対する正智深谷は6回表、4回途中からマウンド上がった昌平のエース渡邊俊を攻め、この回先頭の岩野が四球を選び出塁すると、続く河村がきっちりと送り1死二塁とする。さらに1番・野口が左前安打を放ち1死一、三塁とすると、続く田中のところで正智深谷ベンチはダブルスチールを敢行する。これが決まり1点を返す。
だが、昌平もその裏、1死から齋藤の中前安打を足がかりとし、岩間、平田の連続適時長短打が飛び出し2点を追加し10対6とする。
投げては、4回途中同点の場面から登板したエース左腕・渡邊俊が好リリーフを見せた昌平が結局そのまま10対6で逃げ切り準決勝進出を決めた。

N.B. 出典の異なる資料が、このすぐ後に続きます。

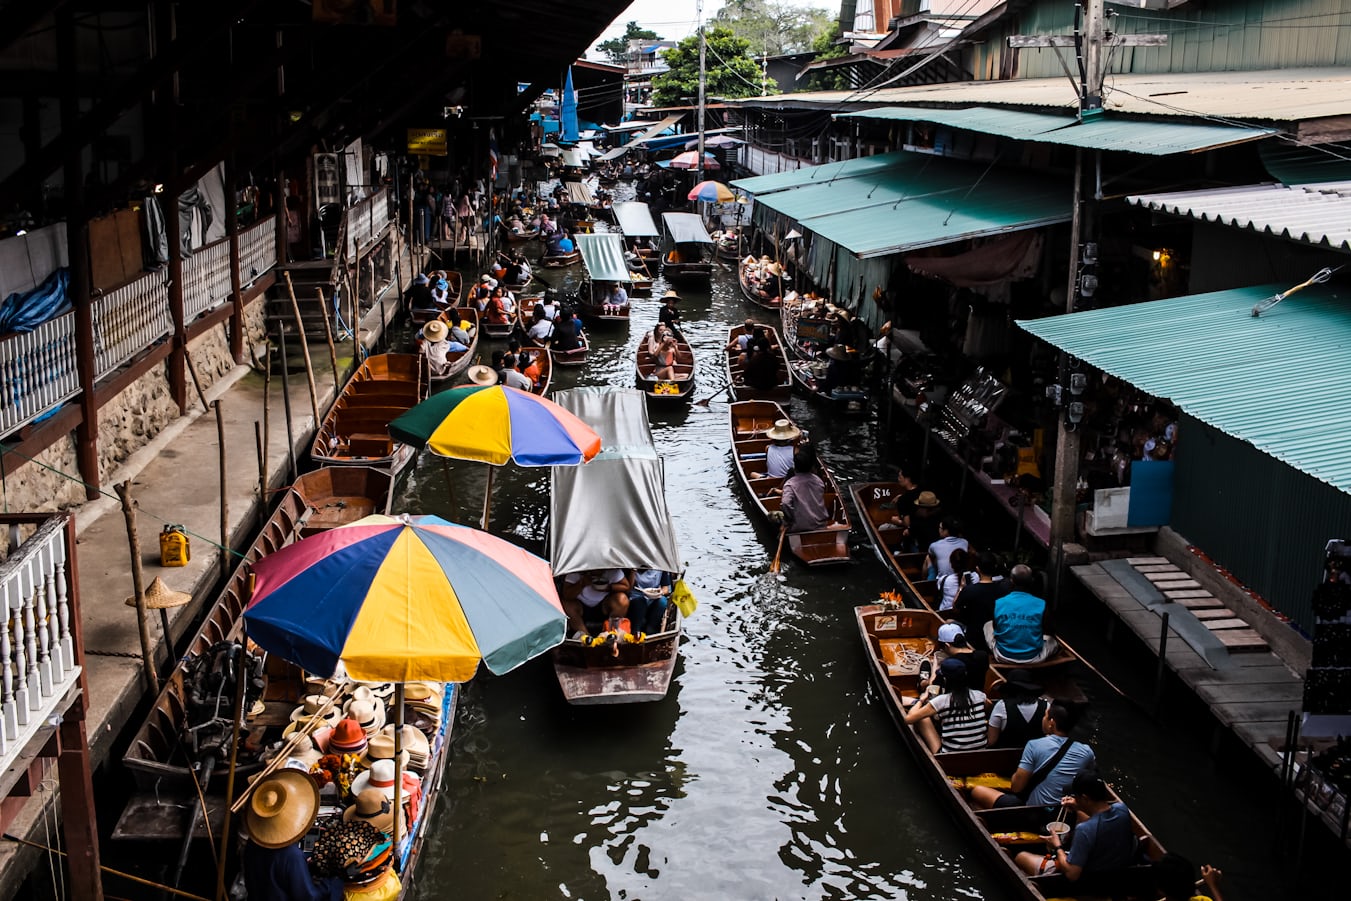 Pasar terapung di Thailand | Frida Aguilar Estrada on Unsplash

正智深谷はこの日、4エラーと守備が乱れた。たらればを言っても仕方ないが、初回もエラーがなければ無失点であった。田中監督も開口一番「これじゃ勝てない。守備が乱れて四球を出して。負け方が悔しい。野手はよく追いついてくれたんですが、投手陣は自分と戦ってしまった。ただ期待しているチームではあるので」と、反省を促しつつも期待も感じる。来春のシードも獲得しており、打線は振れているだけに、まずは守備と投手力の整備が上位進出への鍵となるであろう。
一方の昌平も、打線が好調を維持しているが、「打てることは打てるんですが、失点ですね。佐藤立は本来もっと球のキレがあるんですが。良い時のピッチングができなかった。渡邊俊は出す予定ではなかったんですが、今日勝たないと意味はないし。彼は計算ができるので。投手陣はゾーンで勝負できるように、あとは何人か調子の悪い打者がいるので修正させます」(黒坂監督)と、投手陣と守備にはこの日課題を残した。
「チームに喝を入れて締め直そうと思っている」(齋藤)と、監督、主将ともに次の試合に向け改めて手綱を締めていた。あくまで狙いは関東。その意識も高く緩みはなさそうだ。